Eco-Burial Company Offers to Turn You Into a Tree, Cannot Guarantee Which Kind
Customers who paid premium prices to become majestic oaks have been informed they may instead become 'a perfectly respectable shrub.'

Green Eternal, the eco-burial startup that promises to transform human remains into living trees, has issued a revised terms of service acknowledging that it cannot guarantee which species of tree a customer will become, following complaints from families who expected oaks and received what a botanist identified as 'aggressive privet.'
'The biological process is inherently unpredictable,' said Green Eternal CEO Fern Mulch. 'We provide the biodegradable pod, the nutrient medium, and the seed. What nature does with that is, ultimately, between the deceased and the soil microbiome.'
The controversy began when the family of retired teacher Harold Elm visited his burial site expecting to find a young oak tree and instead discovered what appeared to be a vigorous holly bush. 'Dad specifically requested to be a white oak,' said his daughter. 'He had it in his will.
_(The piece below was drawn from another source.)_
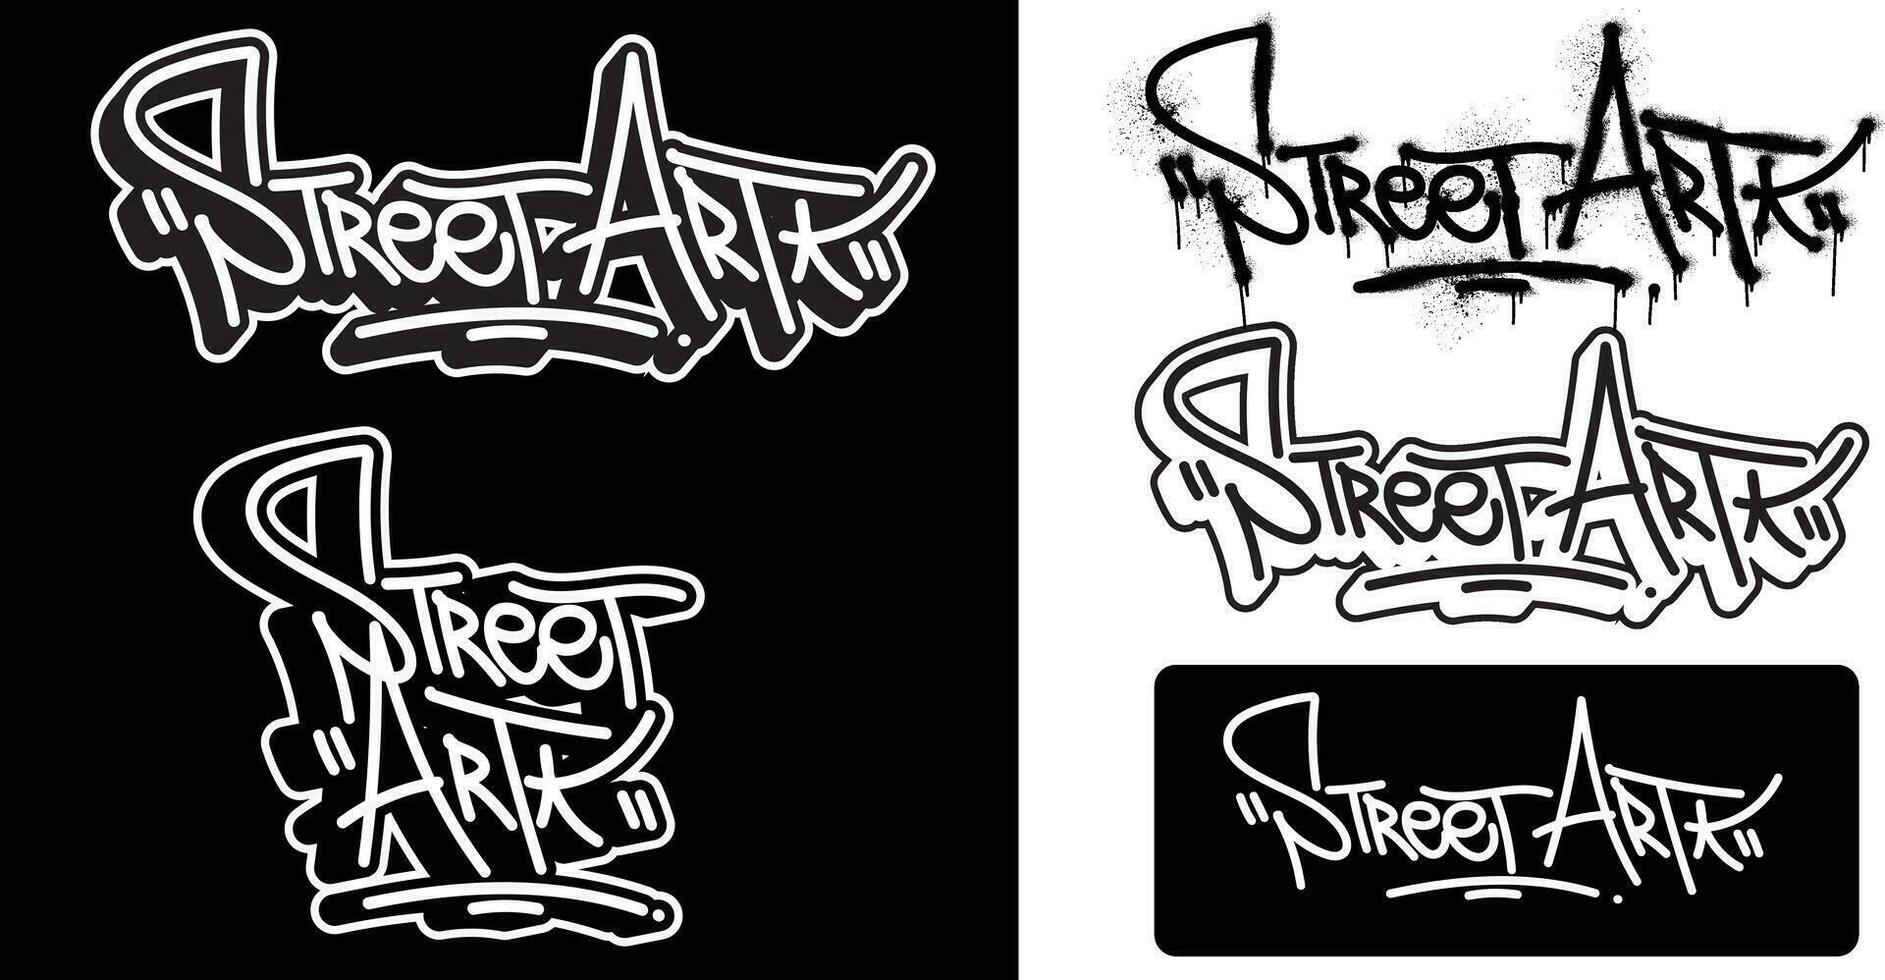 städtisch Straße Kunst HipHop Graffiti Entwürfe. Strassenmode Typografie Vektor Illustrationen.

He paid the premium tree package. He is now a holly bush that the groundskeeper has to trim every six weeks.'
Green Eternal's original marketing materials featured images of towering oaks, stately maples, and weeping willows. The updated materials now include an asterisk and a footnote reading: 'Tree species may vary. Green Eternal makes no arboreal guarantees. All flora outcomes are final.'
The company has also introduced a new pricing tier called 'Nature's Choice,' which is $2,000 less than the species-specific option and allows the ecosystem to 'select the most appropriate botanical expression for the individual.'
'Think of it as a personality test administered by fungi,' said Mulch. 'Some people are oaks. Some people are shrubs. There's no shame in being a shrub.'
The Elm family has been offered a complimentary upgrade to the 'Legacy Canopy' package, which includes quarterly botanical monitoring and 'up to two corrective plantings.'
AI-generated satirical fiction. Not real news.